Supported File Types: Excel 2-5,95,97,2000, Lotus WK1, Quattro WQ1,WB*, dBase 2-5,
Paradox 3-5, GenStat GSH, SAS PC 6.03-12, Minitab 8-13, Systat, MStat, Instat,
Epi-Info, SPSS/Win, Gauss Data/Matrix (PC/Win/Unix), MatLab, S+ (PC/Unix/Text)
Stata 4-7, SAS Transport, Logbook Excel format, ArcView/Info Shapefiles, 
MapInfo Interchange (MIF), CSV/Tab/space delimited text files, 
Windows BMP bit mapped graphics files and Windows WAV sound files.

The file type is worked out from the contents, so the usual extension need not
be used with the exception of the following file types which do not contain a 
unique signature: Epi-Info (.REC), S+ Text (.SDD) and Paradox (.DB).
Any files not containing a unique file signature, but ending in these
extensions classified as above.

DataLoad can save the output file in various formats. The format is taken
from the output file extension:

.GSH - a GenStat spreadsheet file.
.GEN - a GenStat command file.
.XLS - an Excel 95 spreadsheet file.
.WQ1 - a Quattro spreadsheet file.
.DBF - a dBase III worksheet file.
.WOR - an Instat+ worksheet file.
.FMT - a Gauss 86 matrix file.
.MAT - a Matlab 4 matrix file.
.SDD - a SPlus data frame file.
.TPT - a SAS Transport file.
.TXT - a space delimited text file.
.CSV - a comma delimited text file.
.TAB - a tab delimited text file.
.RTF - a rich text format file (Word).
.HTM - a hypertext markup format file (Internet viewable).
.HTML - a hypertext markup format file (Internet viewable).

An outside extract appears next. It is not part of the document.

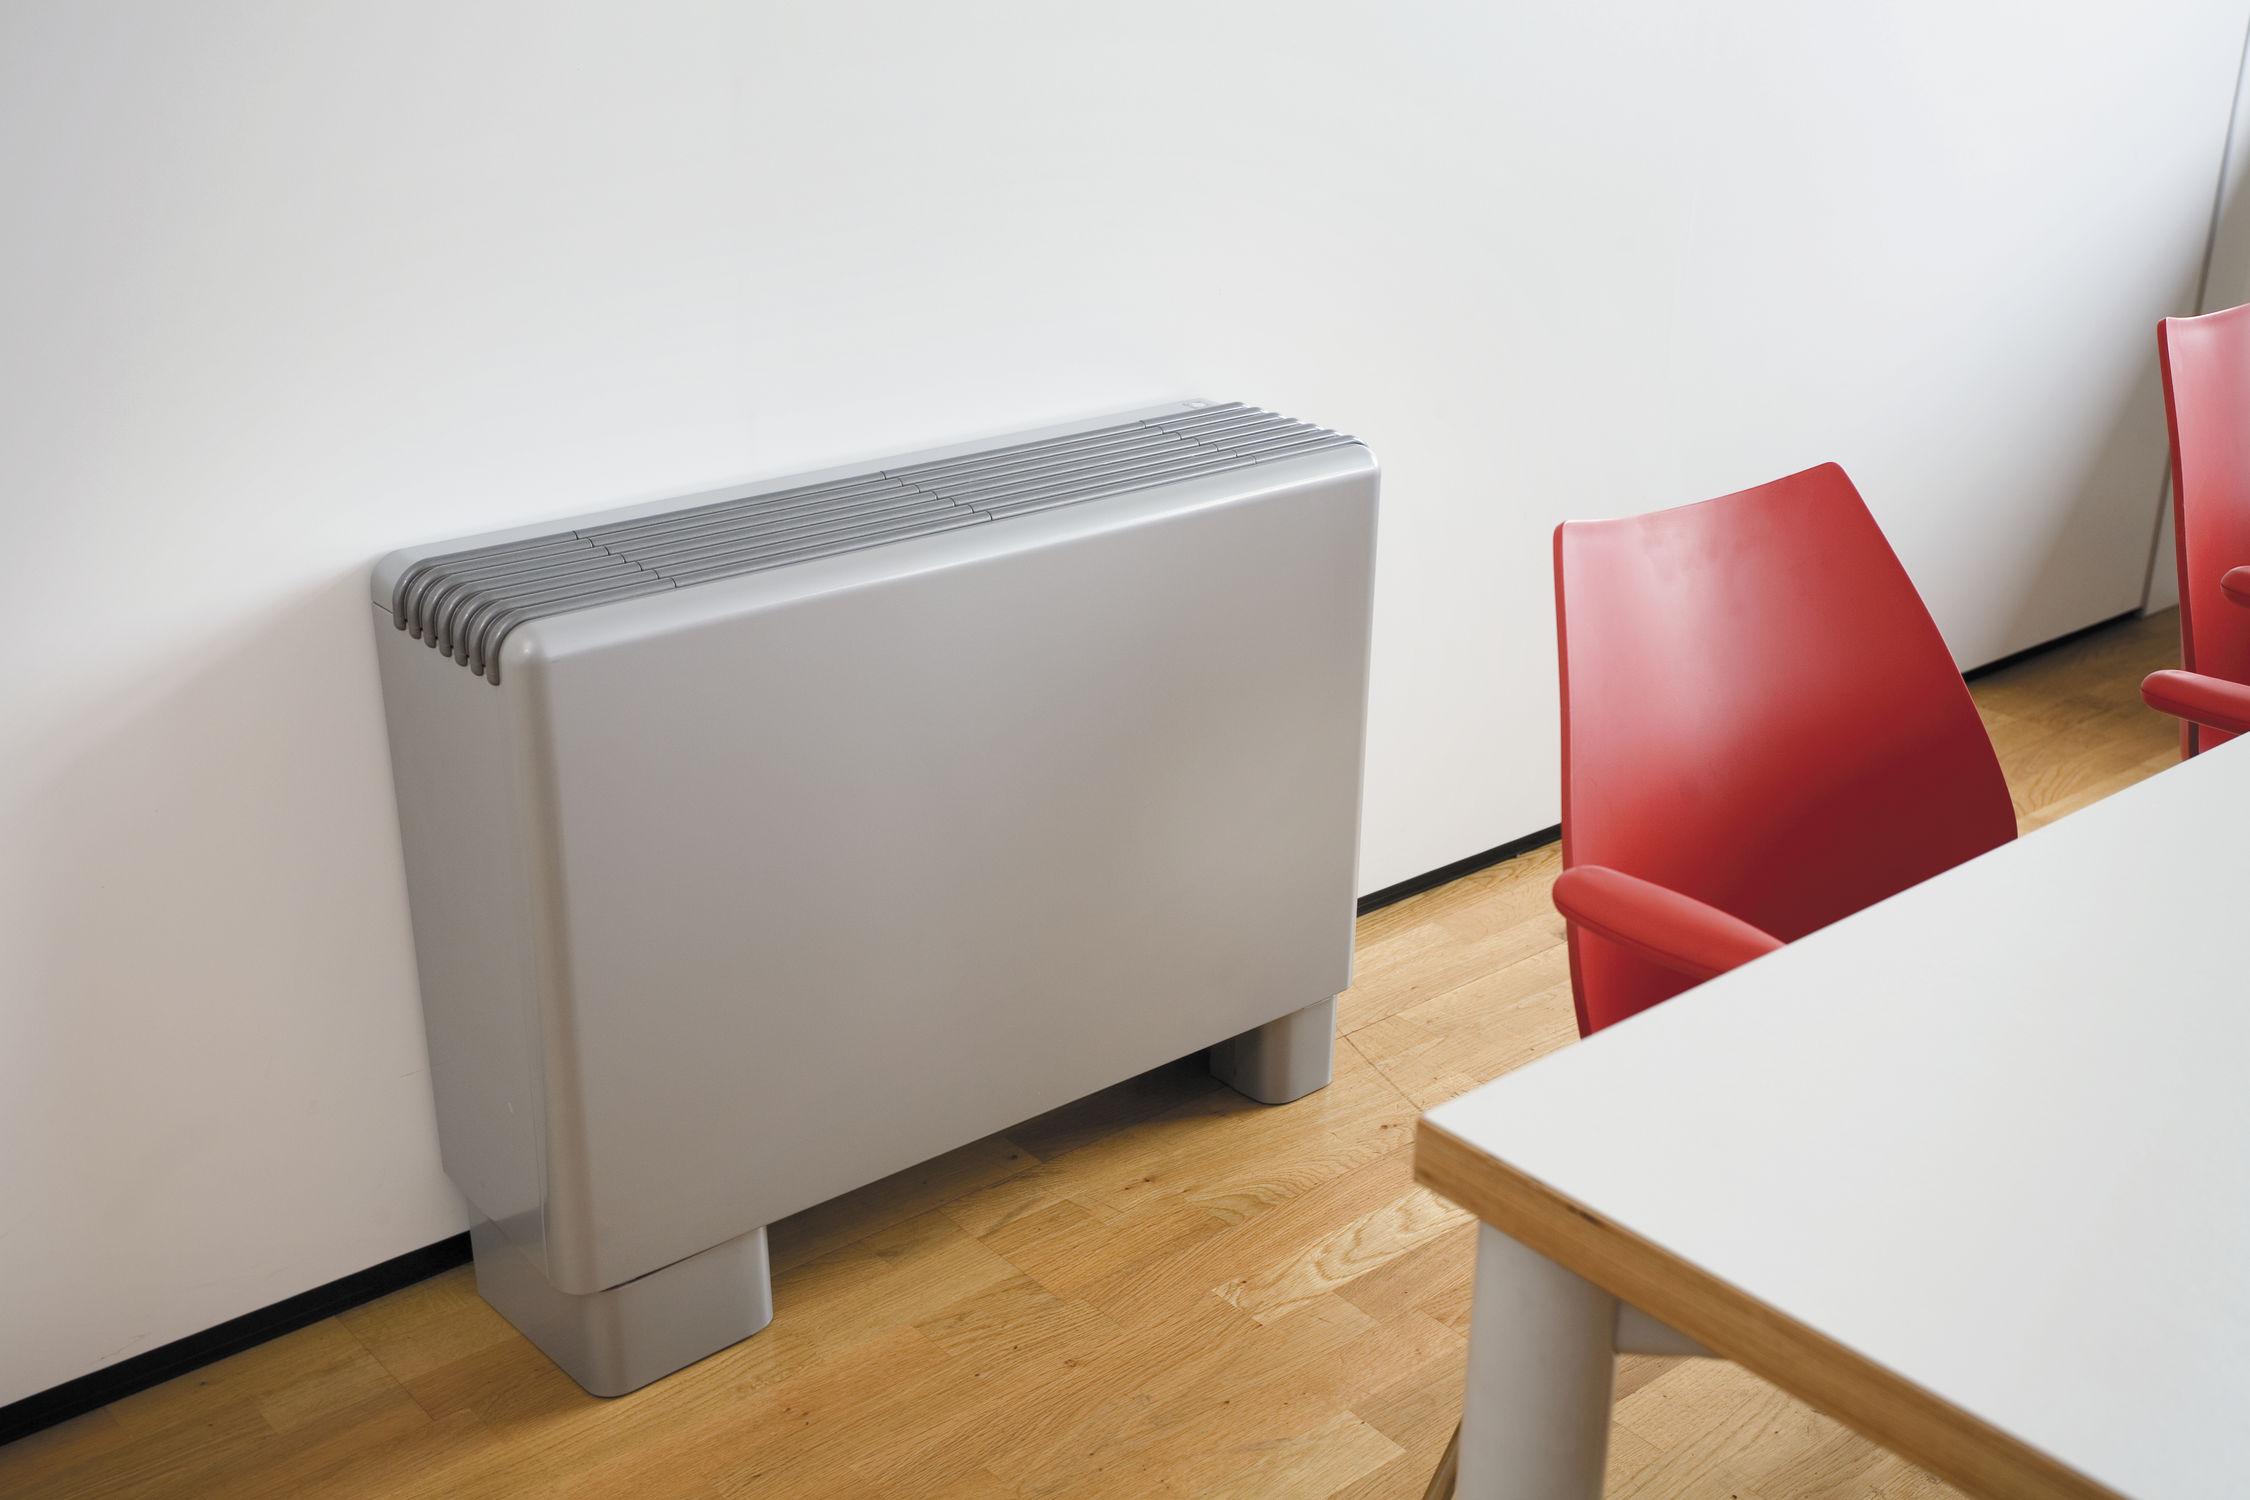 Qu est ce qu un radiateur basse temp rature la r ponse - Comment reconnaitre un radiateur basse temperature ...

Usage: DataLoad Inputfile/options Outputfile/options  

Options must each be preceded with a / (i.e. /iv should be /i/v) and must
not be separated from the filename by spaces (i.e. file.xls/w not file.xls /w).
 
   Inputfile  - name of file to extract data from.
   
         /f     An option of /f can be added to Instat filenames to not output
                factors with more than 223 levels. Otherwise the if the factor has 
                labels, levels greater than 233 will be set to missing, or else the
                factor will be written as a variate.

         /i     An option of /i can be added to SPSS/Win filenames to ignore 
                SPSS missing value codes.
   
         /l     An option of /l on an Excel file specifies that the Logbook
                conventions should be used in reading the data. The column_row
                range is found and used to extract the data. If multiple
                column_row ranges are contained in the spreadsheet, the data
                can be extracted from subsequent ranges by adding the range
                number, i.e. /l=, eg /l=3 for the third column_row range.

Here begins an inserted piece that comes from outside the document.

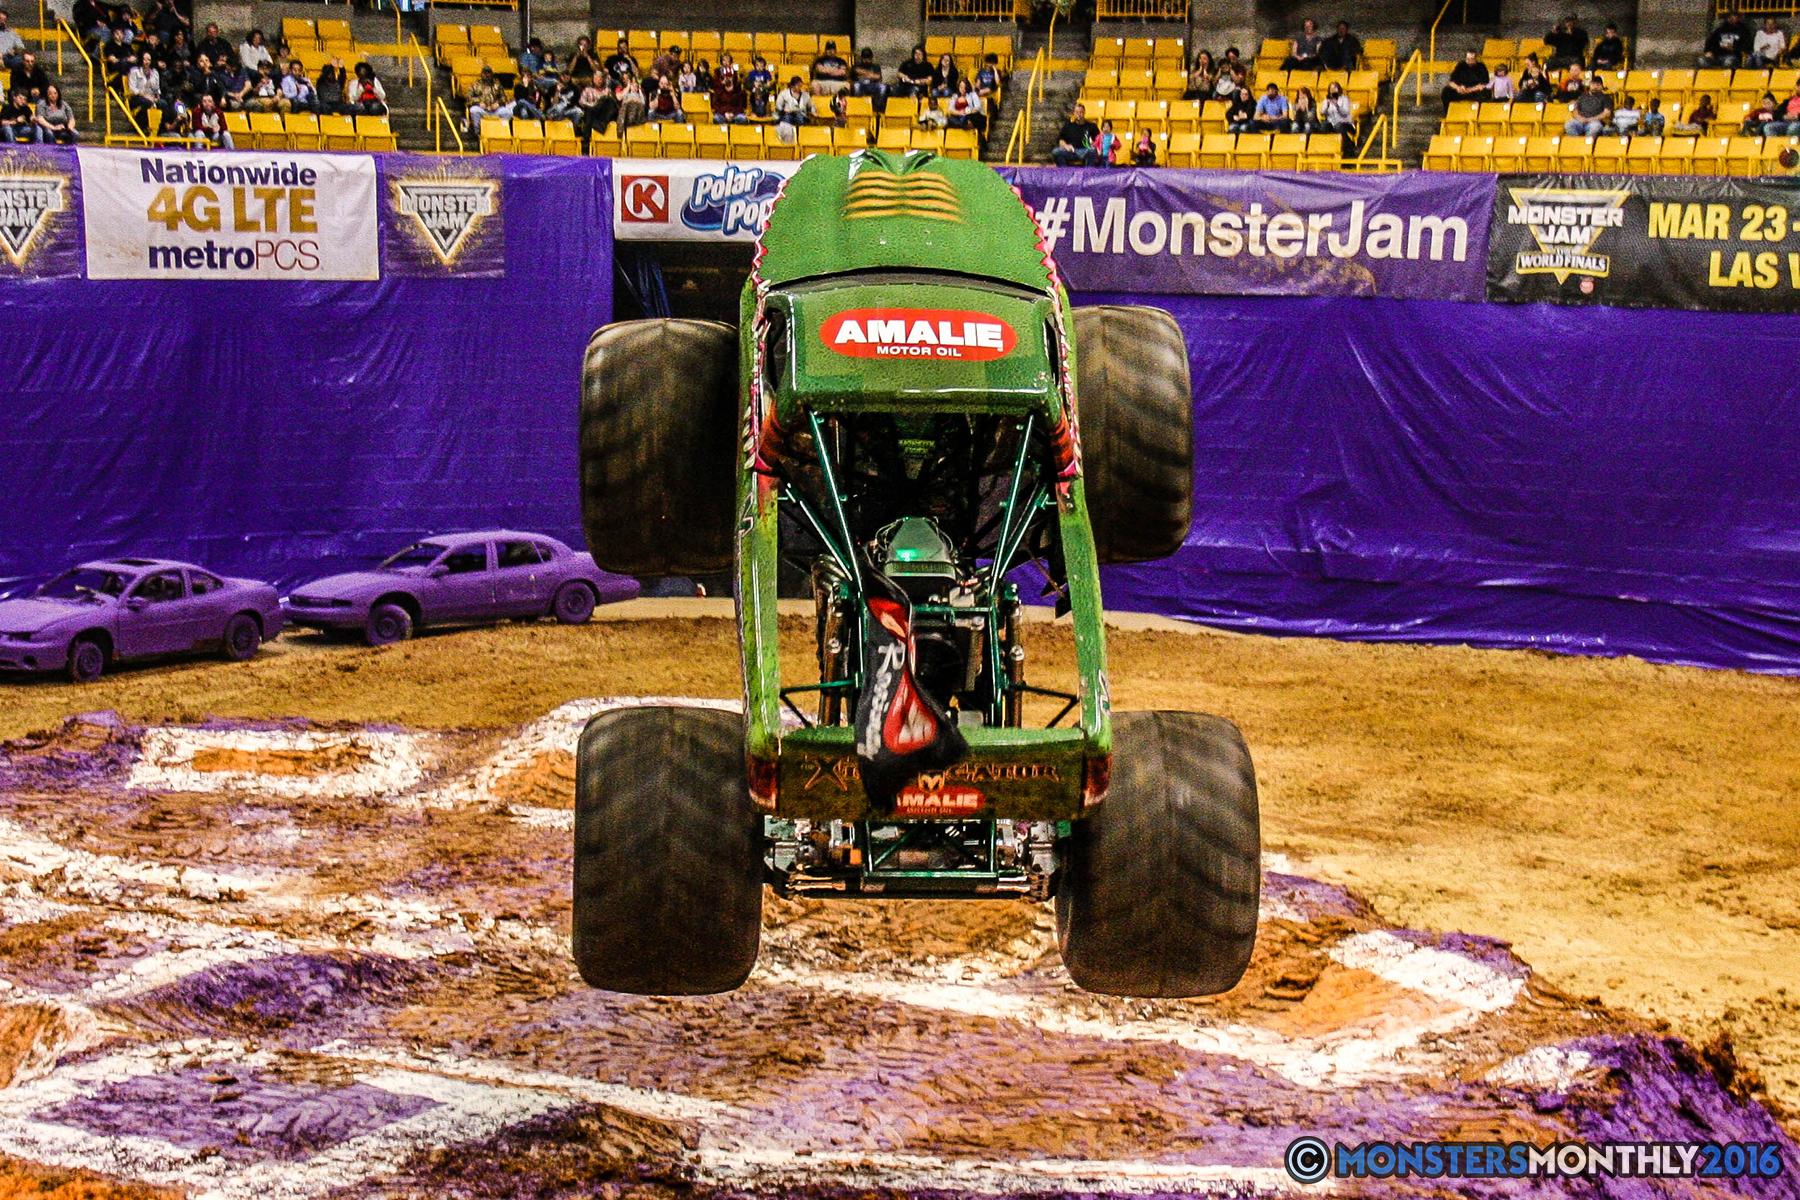 23-monster-jam-utc-mckenzie-arena-chattanooga-tennessee-monstersmonthly-monster-truck-race-gravedigger-monstermutt-xtermigator-razin-kane-doomsday-captainscurse-2016.jpg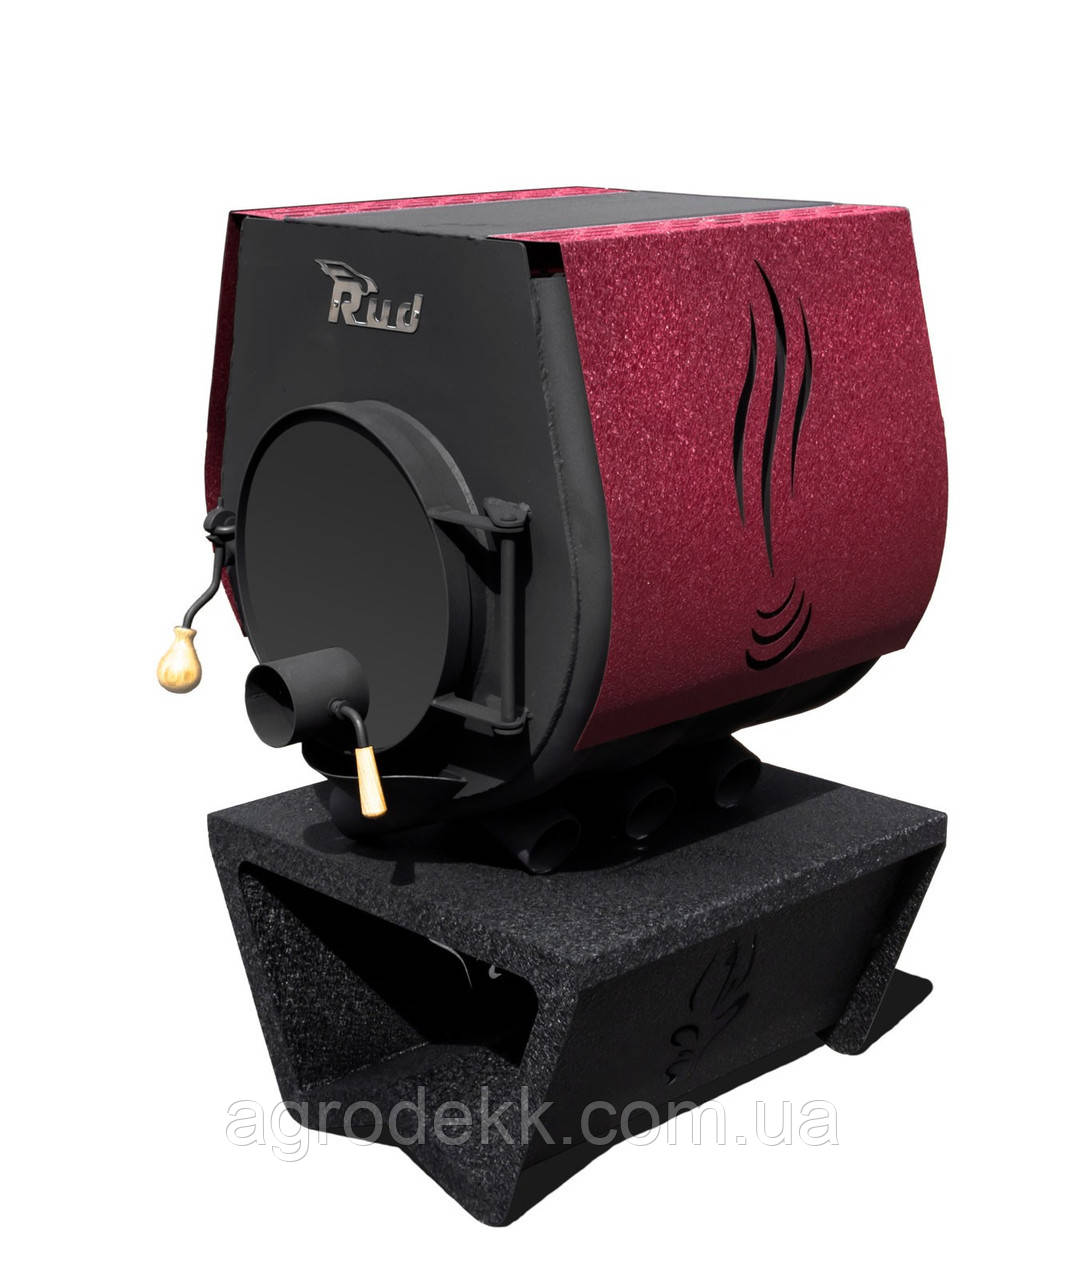 Отопительная конвекционная печь Rud Pyrotron Кантри 01 с варочной поверхностью (отапливаемая площадь 80 кв.м.

         /m=    An option of /m can be added to filenames to specify the three
                Instat missing value codes, which are supplied in a comma
                delimited list. A asterisk can be used for the generic missing
                value indicator. E.g. /m=*,-99,-9999 specifies the three
                Instat missing values will be set as -1e309, -99, -999 if
                a Instat work sheet is saved, and if an Instat worksheet is
                being read, that the three Instat missing values are converted
                to these values

         /n     No column name row
         
         /p=    For .GEN output a /p= can be added to create
                a pointer with the given name pointing to all columns read
                in. /v and /p= are mutually exclusive, but /i can be used 
                with either.
                
         /t=    Strictness of text conversions to numerical values:
                1 = Strict (label must be an exact representation of a number)
                2 = Single (a single letter commonly entered as a number will
                            be converted to a digit (o,O = 0, i,I,l,L = 1, 
                            z,Z = 2 s,S = 5, , = .) 
                3 = Common (any of the letters commonly entered as a number will
                            be converted to a digit (as above) 
                4 = Standard a numerical value, after making common substitutions
                    will be read from the label up to the first non numerical character.
                5 = Lax - Any numerical values will be read from the string
                          so that 'A1B2' would be read as 12.
               
                A file TxtToNum.ERR will be produced that list all text to numerical
                conversions made. 
               
         /u     For an Excel or Quattro file, the option /u produces a unsorted 
                factor levels or labels. The factor labels/levels are put into
                the order that they are first met in the data. 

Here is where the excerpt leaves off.